1. **Global default TTL**: Applies to all agent sessions unless overridden
2. **Per-agent type TTL**: Overrides the global default for specific agent types

Additionally, you can configure a **minimum deletion delay** that controls how frequently deletion operations are scheduled. This prevents excessive deletion operations for agent sessions with short TTLs.

> [!NOTE]
> Setting the deletion delay is an advanced feature and should only be used if the default value results in excessive deletion operations (in which case you should increase the default value) or if you need to ensure that deletion operations are executed promptly (in which case you should decrease the default value).
### Default values

- **Default TTL**: 30 days
- **Minimum TTL deletion delay**: 5 minutes (subject to change in future releases)

### Configuration examples

#### .NET

```csharp
// Configure global default TTL and minimum signal delay
services.ConfigureDurableAgents(
options =>
{
// Set global default TTL to 7 days
options.DefaultTimeToLive = TimeSpan.FromDays(7);

// Set minimum signal delay to 10 minutes
options.MinimumTimeToLiveSignalDelay = TimeSpan.FromMinutes(10);

// Add agents (will use global default TTL)
options.AddAIAgent(myAgent);
});

// Configure per-agent TTL
services.ConfigureDurableAgents(
options =>
{
options.DefaultTimeToLive = TimeSpan.FromDays(30); // Global default
// Agent with custom TTL of 1 day
options.AddAIAgent(shortLivedAgent, timeToLive: TimeSpan.FromDays(1));

// Agent with custom TTL of 90 days
options.AddAIAgent(longLivedAgent, timeToLive: TimeSpan.FromDays(90));

// Agent using global default (30 days)
options.AddAIAgent(defaultAgent);
});

// Disable TTL for specific agents by setting TTL to null
services.ConfigureDurableAgents(
options =>
{
options.DefaultTimeToLive = TimeSpan.FromDays(30);

// Agent with no TTL (never expires)
options.AddAIAgent(permanentAgent, timeToLive: null);
});
```

## How TTL works

The following sections describe how TTL works in detail.

### Expiration tracking

Each agent session maintains an expiration timestamp in its internally managed state that is updated whenever the session processes a message:

1. When a message is sent to an agent session, the expiration time is set to `current time + TTL`
2. The runtime schedules a delete operation for the expiration time (subject to minimum delay constraints)
3. When the delete operation runs, if the current time is past the expiration time, the session state is deleted.

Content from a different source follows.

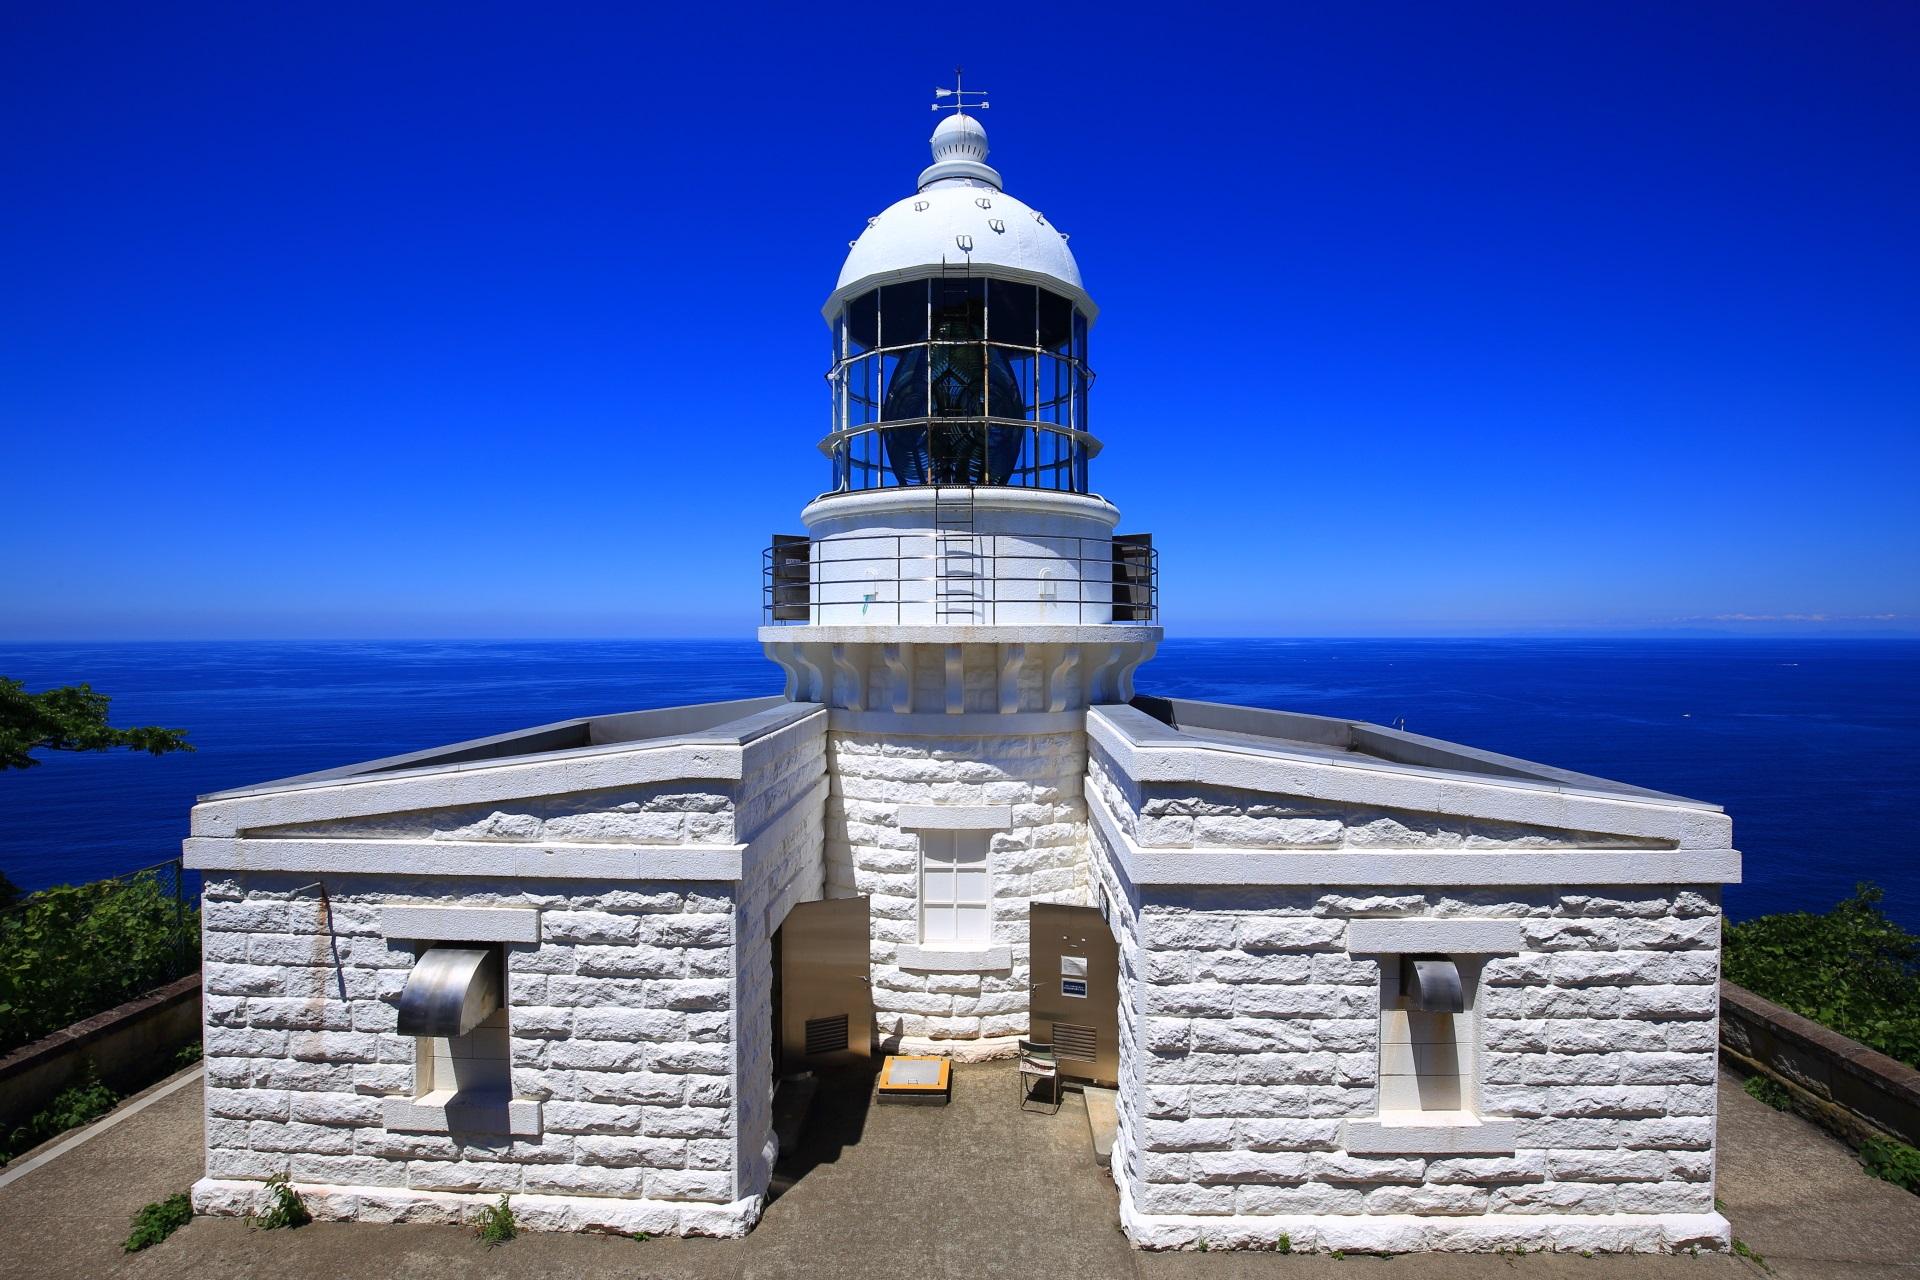 京丹後の白い経ヶ岬灯台と青い海

Otherwise, the delete operation is rescheduled for the next expiration time.

### State deletion

When an agent session expires, its entire state is deleted, including:

- Conversation history
- Any custom state data
- Expiration timestamps

After deletion, if a message is sent to the same agent session, a new session is created with a fresh conversation history.

## Behavior examples

The following examples illustrate how TTL works in different scenarios.

### Example 1: Agent session expires after TTL

1. Agent configured with 30-day TTL
2. User sends message at Day 0 → agent session created, expiration set to Day 30
3. No further messages sent
4. At Day 30 → Agent session is deleted
5. User sends message at Day 31 → New agent session created with fresh conversation history

### Example 2: TTL reset on interaction

1. Agent configured with 30-day TTL
2. User sends message at Day 0 → agent session created, expiration set to Day 30
3. User sends message at Day 15 → Expiration reset to Day 45
4. User sends message at Day 40 → Expiration reset to Day 70
5. Agent session remains active as long as there are regular interactions

## Logging

The TTL feature includes comprehensive logging to track state changes:

- **Expiration time updated**: Logged when TTL expiration time is set or updated
- **Deletion scheduled**: Logged when a deletion check signal is scheduled
- **Deletion check**: Logged when a deletion check operation runs
- **Session expired**: Logged when an agent session is deleted due to expiration
- **TTL rescheduled**: Logged when a deletion signal is rescheduled

These logs help monitor TTL behavior and troubleshoot any issues.

## Best practices

1. **Choose appropriate TTL values**: Balance between storage costs and user experience. Too short TTLs may delete active sessions, while too long TTLs may accumulate unnecessary state.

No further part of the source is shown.